» **STORED DATA**:
────

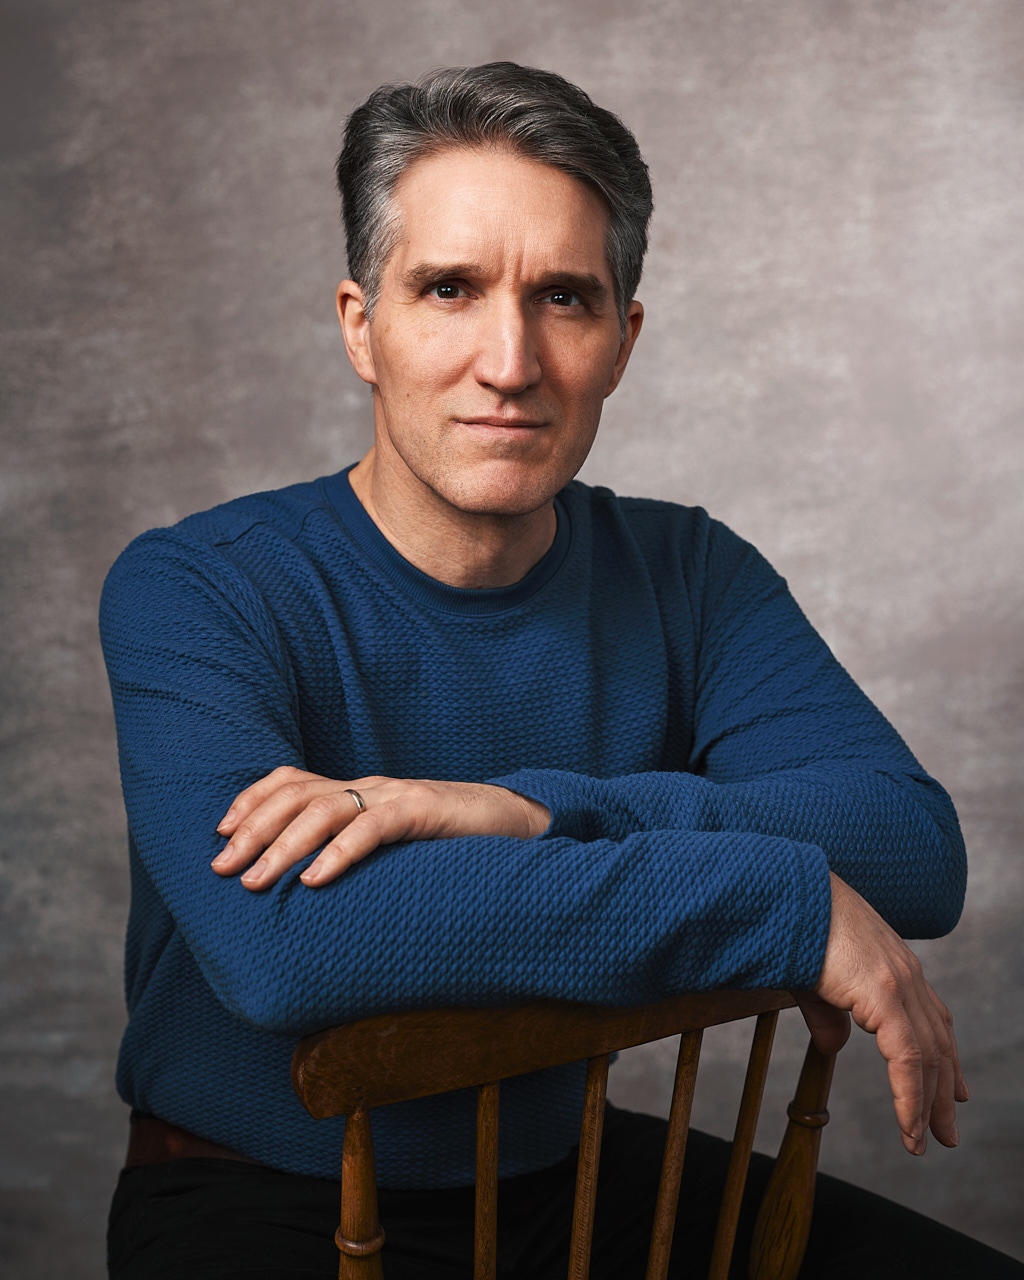 A creative business portrait of a man wearing a blue sweater, sitting on a chair.
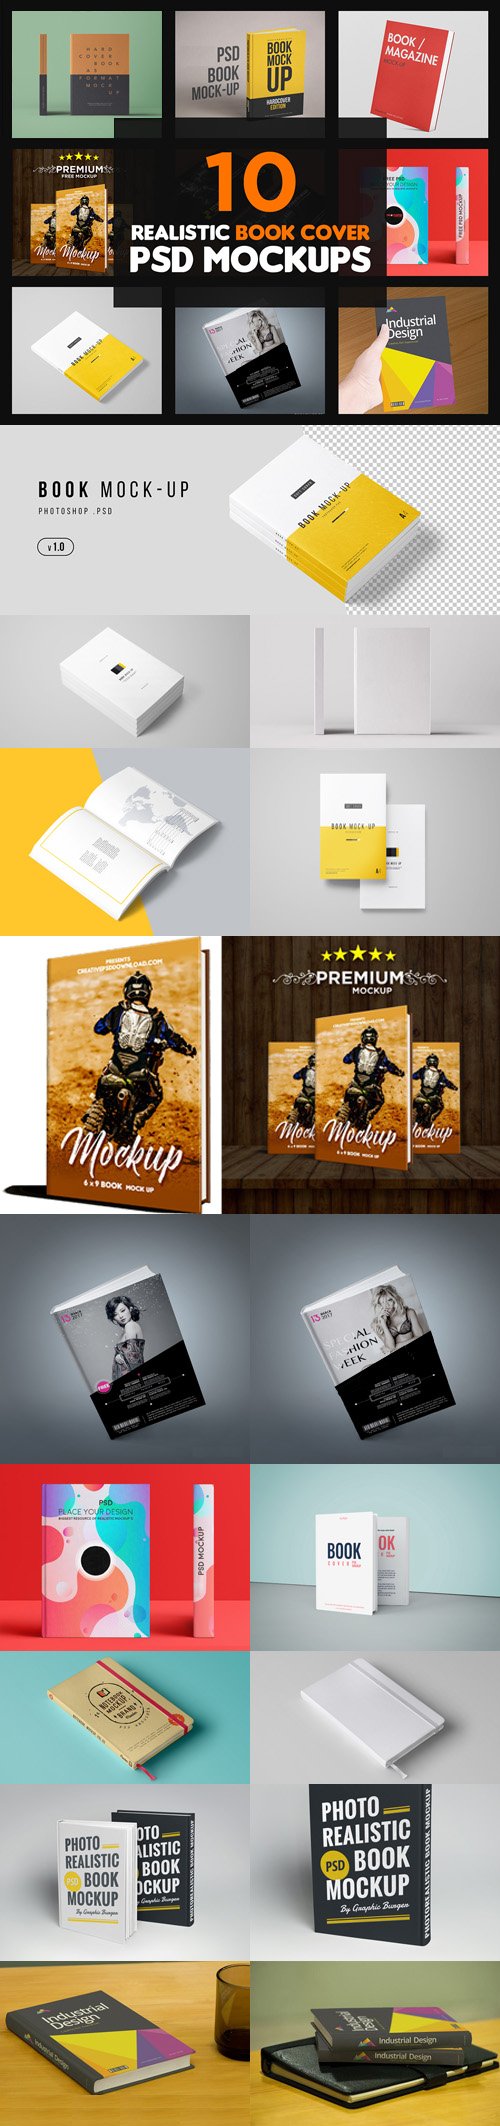 10 Realistic Book Cover PSD Mockups
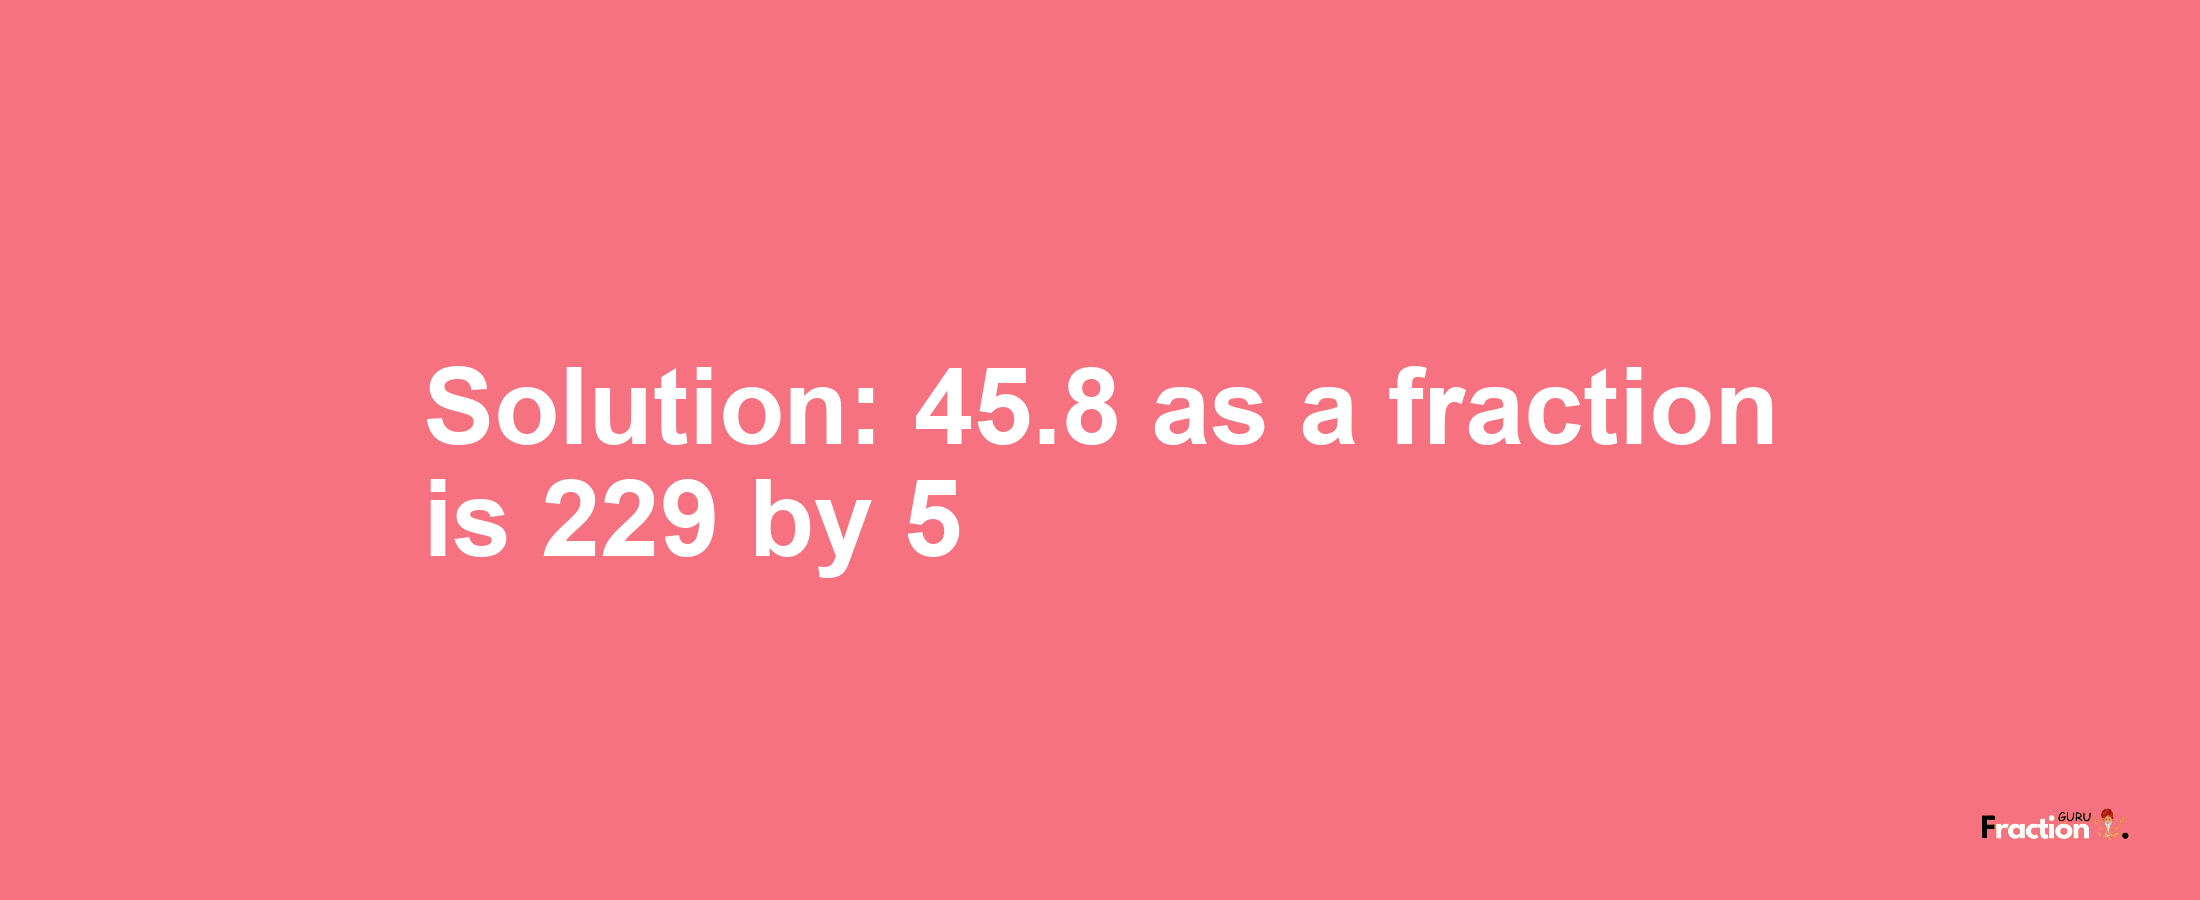 Solution:45.8 as a fraction is 229/5

────

Output all the data above verbatim, leaving out images.

 A creative business portrait of a man wearing a blue sweater, sitting on a chair.
 10 Realistic Book Cover PSD Mockups
 Solution:45.8 as a fraction is 229/5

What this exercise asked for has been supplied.